My final report on this incident is that it was one of the most difficult ones that have had to be dealt with.

Civil Defence official on Hughes Mansions, Stepney, 27 March 1945

The V-2 attack had begun gradually. It ended suddenly, at the peak of its ferocity. The last week was, in terms of casualties, one of the worst of the whole campaign. As spring approached there seemed no good reason why the rockets should not continue to fall in undiminished, or even greater, numbers till the end of the war. At least, however, the weather had improved, as a strangely complacent Ministry of Information handout later recalled: ‘In March clear blue skies made it possible for people to see rockets bursting in the air.’
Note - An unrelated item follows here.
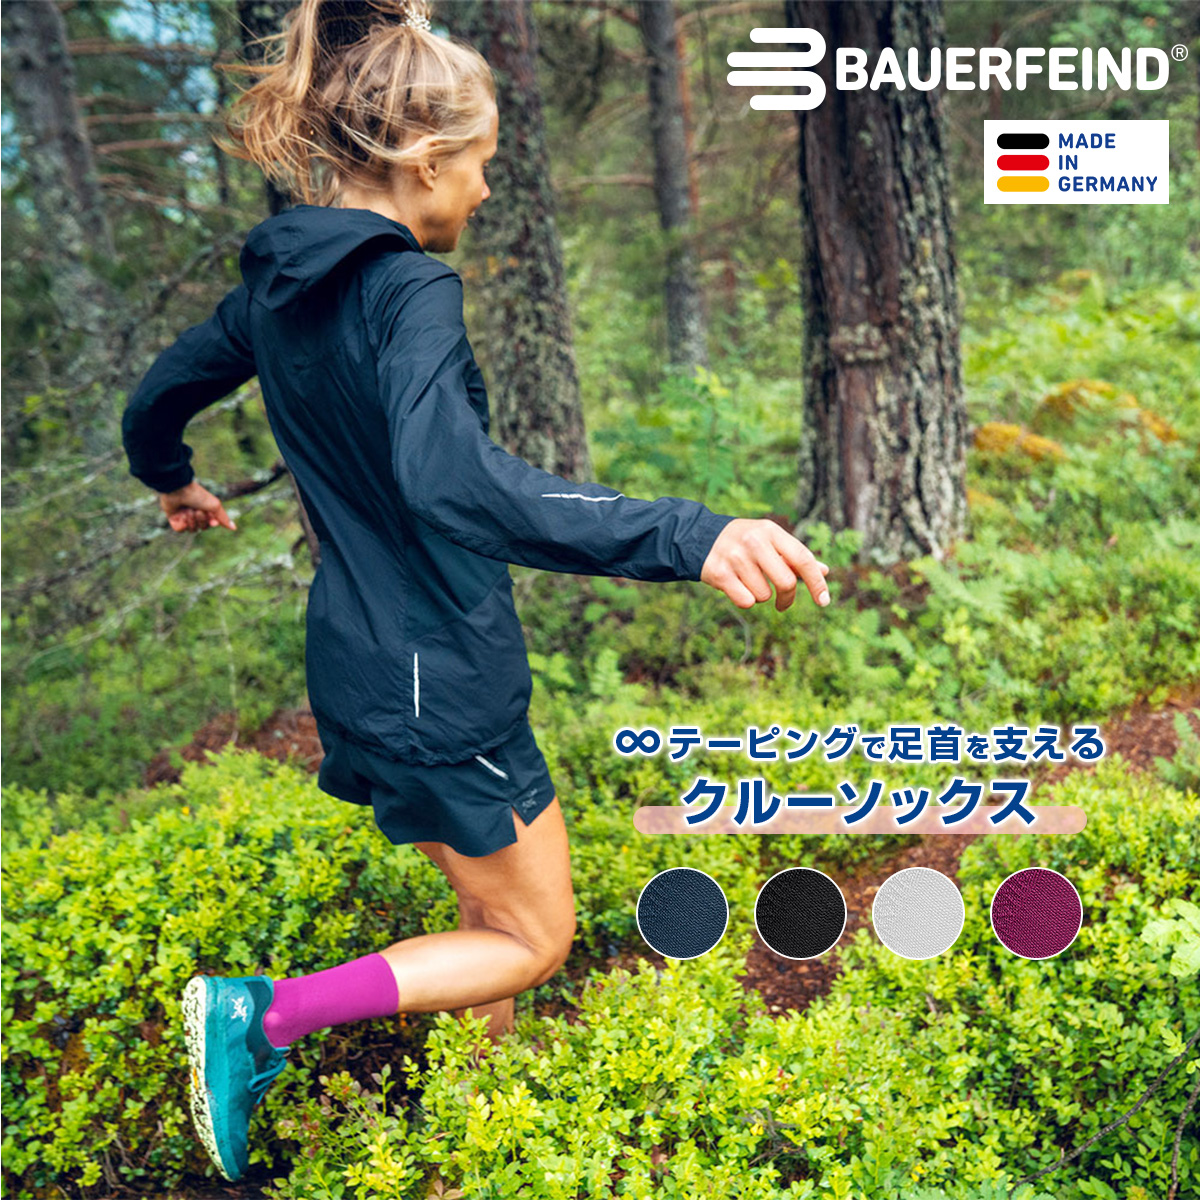 Run Ultralight Mid Cut Socks

On 1 March 1945 Dr Jones, better aware than anyone of the country’s danger from the rockets, updated the analysis he had prepared in January of where the rockets were landing. The diagram he prepared showing the distribution of the first 420 rockets – about half of the total – confirmed his earlier impression of a ‘comet-like’ distribution stretching back to the east coast, with its foremost edge on the north bank of the Thames, and an apparent aiming-point at Wapping, one of the poorest parts of that distinctly poor borough, Stepney.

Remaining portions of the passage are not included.